Vascular smooth muscle cell phenotype is modulated by ligands of the lymphotoxin β receptor and the tumor necrosis factor receptor

Objective

Vascular smooth muscle cells (VSMCs) undergo a phenotypic-switching process during the generation of unstable atheroma plaques. In this investigation, the potential implication of the tumor necrosis factor superfamily (TNFSF) ligands, in the gene expression signature associated with VSMC plasticity was studied.

Material and methods

Human aortic (ha)VSMCs were obtained commercially and treated with the cytokine TNFSF14, also called LIGHT, the lymphotoxin alpha (LTα), the heterotrimer LTα₁β₂ or with vehicle for 72 h. The effect of the different treatments on gene expression was analyzed by quantitative PCR and included the study of genes associated with myofibroblast-like cell function, osteochondrogenesis, pluripotency, lymphorganogenesis and macrophage-like cell function.

Results

HaVSMCs displayed a change in myofibroblast-like cell genes which consisted in reduced COL1A1 and TGFB1 mRNA levels when treated with LTα or LIGHT and with augmented MMP9 expression levels when treated with LTα. LTα and LIGHT treatments also diminished the expression of genes associated with osteochondrogenesis and pluripotency SOX9, CKIT, and KLF4. By contrary, all the above genes were no affected by the treatment with the trimer LTα₁β₂. In addition, haVSMC treatment with LTα, LTα₁β₂ and LIGHT altered lymphorganogenic cytokine gene expression which consisted of augmented CCL20 and CCL21 mRNA levels by LTα and a reduction in the gene expression of CCL21 and CXCL13 by LIGHT and LTα₁β₂ respectively.
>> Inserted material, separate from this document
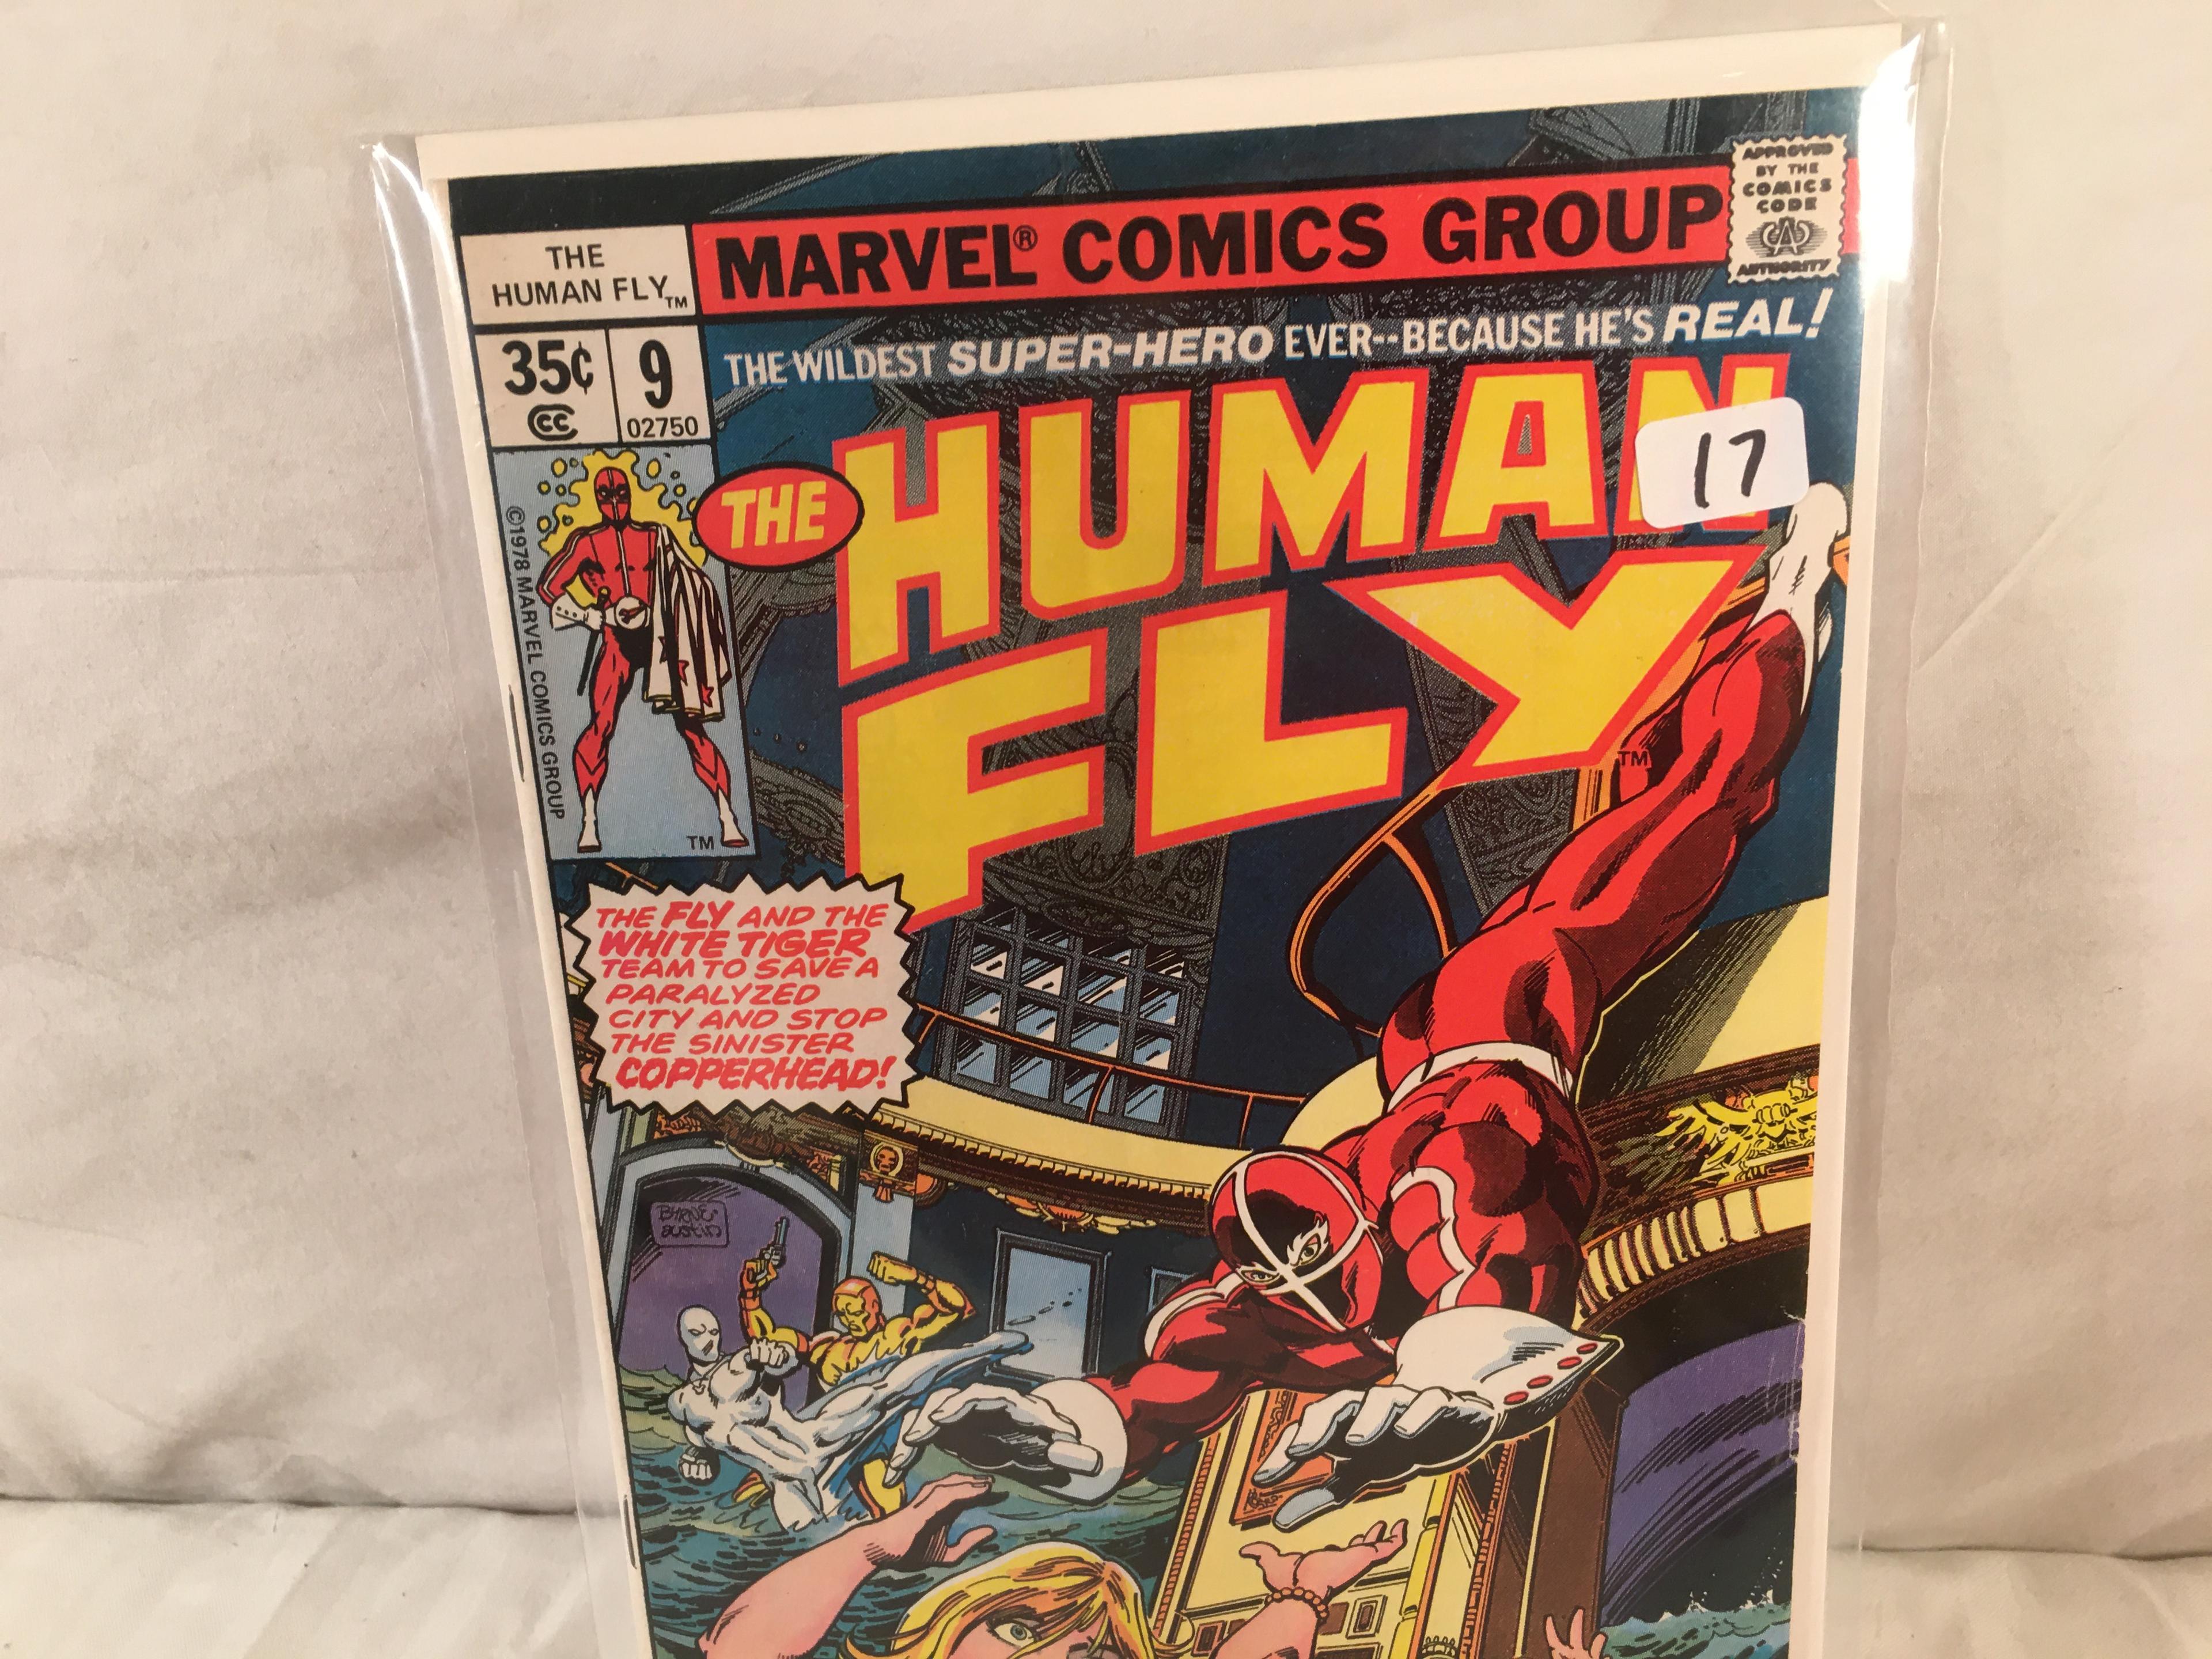 Collector Vintage Marvel Comics The Human Fly Doomsday Dawns At Night Comic Book No. 9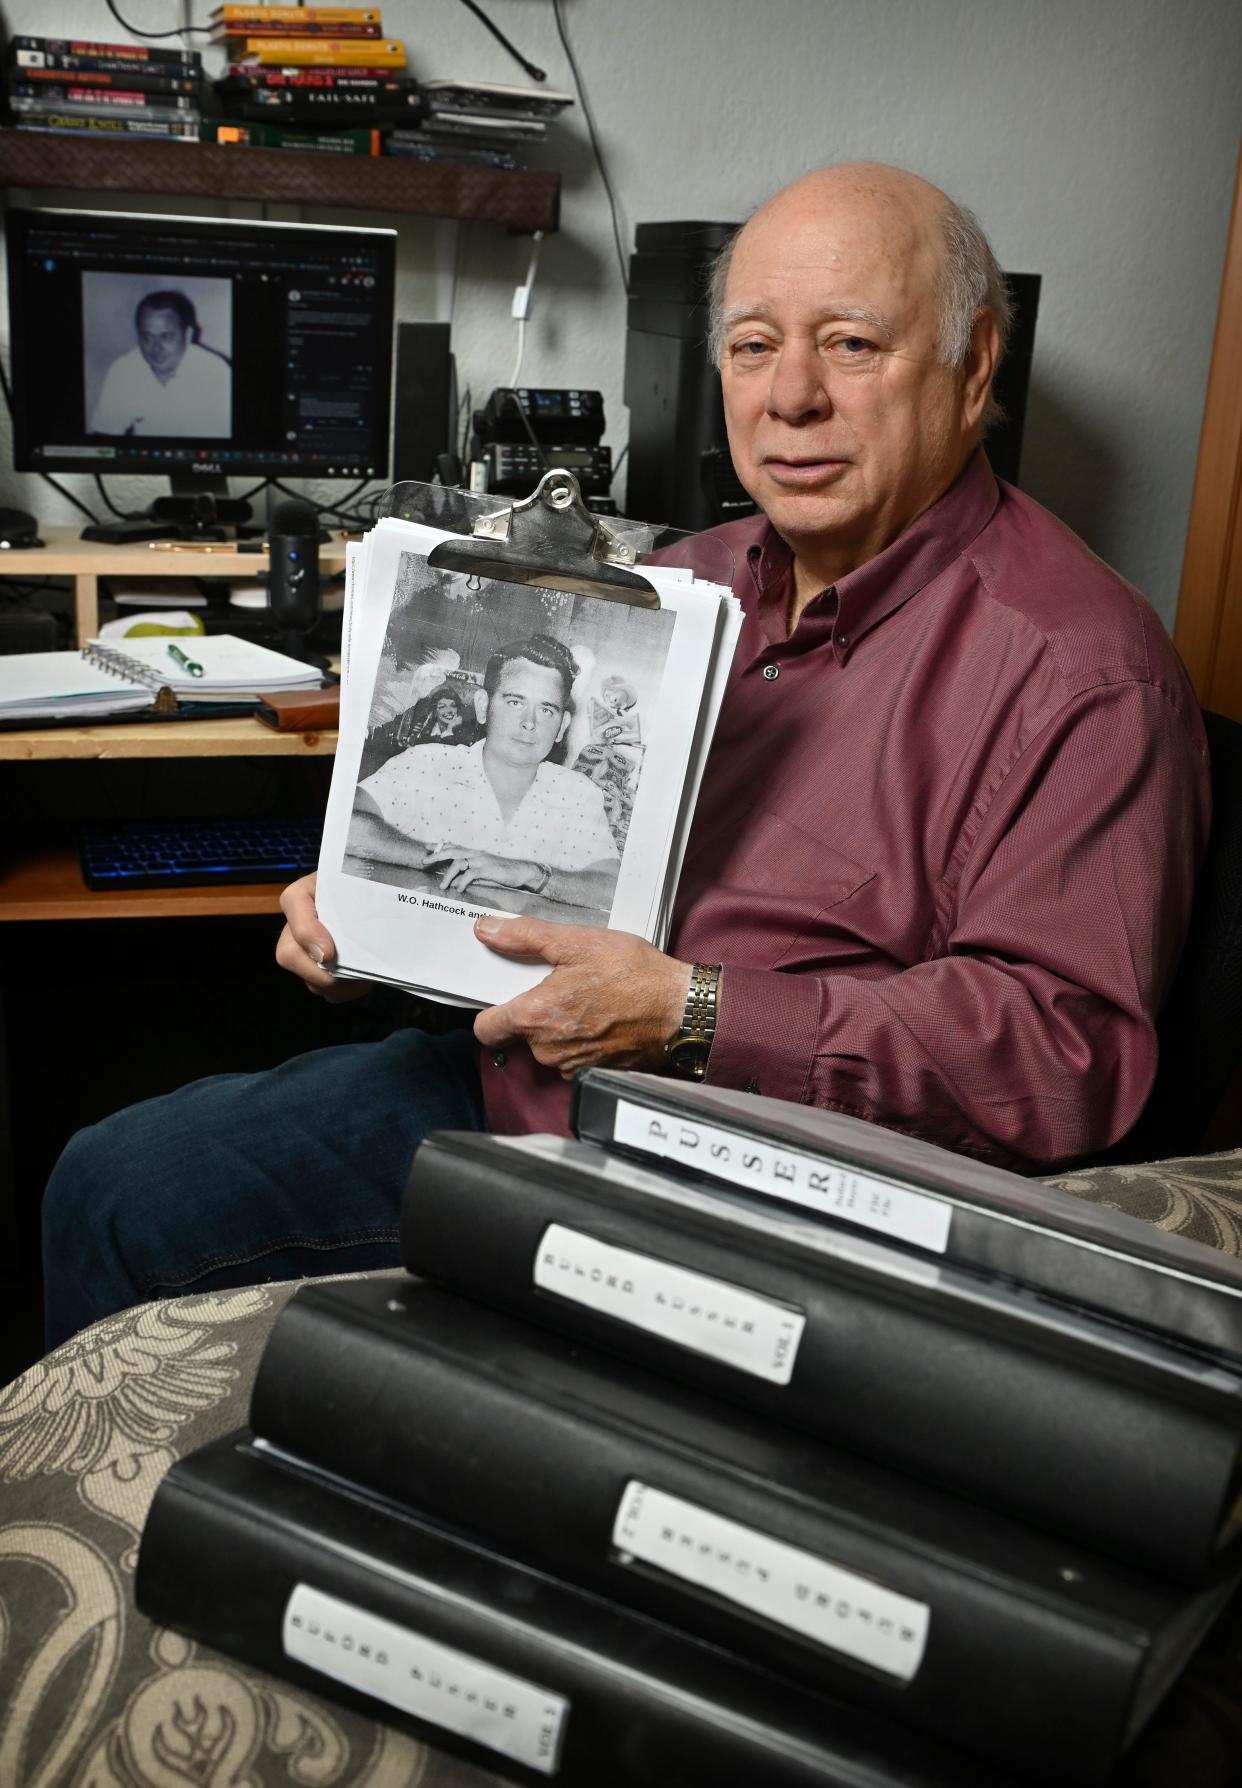 Mike Elam, a retired sheriff from Bella Vista, Arkansas, shows a picture of W.O. (William Odel) Hathcock, owner of The Plantation Club – part of the research he accumulated for his self-published book about investigating the legend of Buford Pusser – at his home. Elam says he has provided tips to the Tennessee Bureau of Investigations, which recently exhumed the body of Pusser's wife.

Neither, LTα or LIGHT or LTα₁β₂ treatments affected the expression of macrophage-like cell markers in haVSMC.

Conclusions

Altogether, indicates that the TNFSF ligands through their interconnected network of signaling, are important in the preservation of VSMC identity against the acquisition of a genetic expression signature compatible with functional cellular plasticity.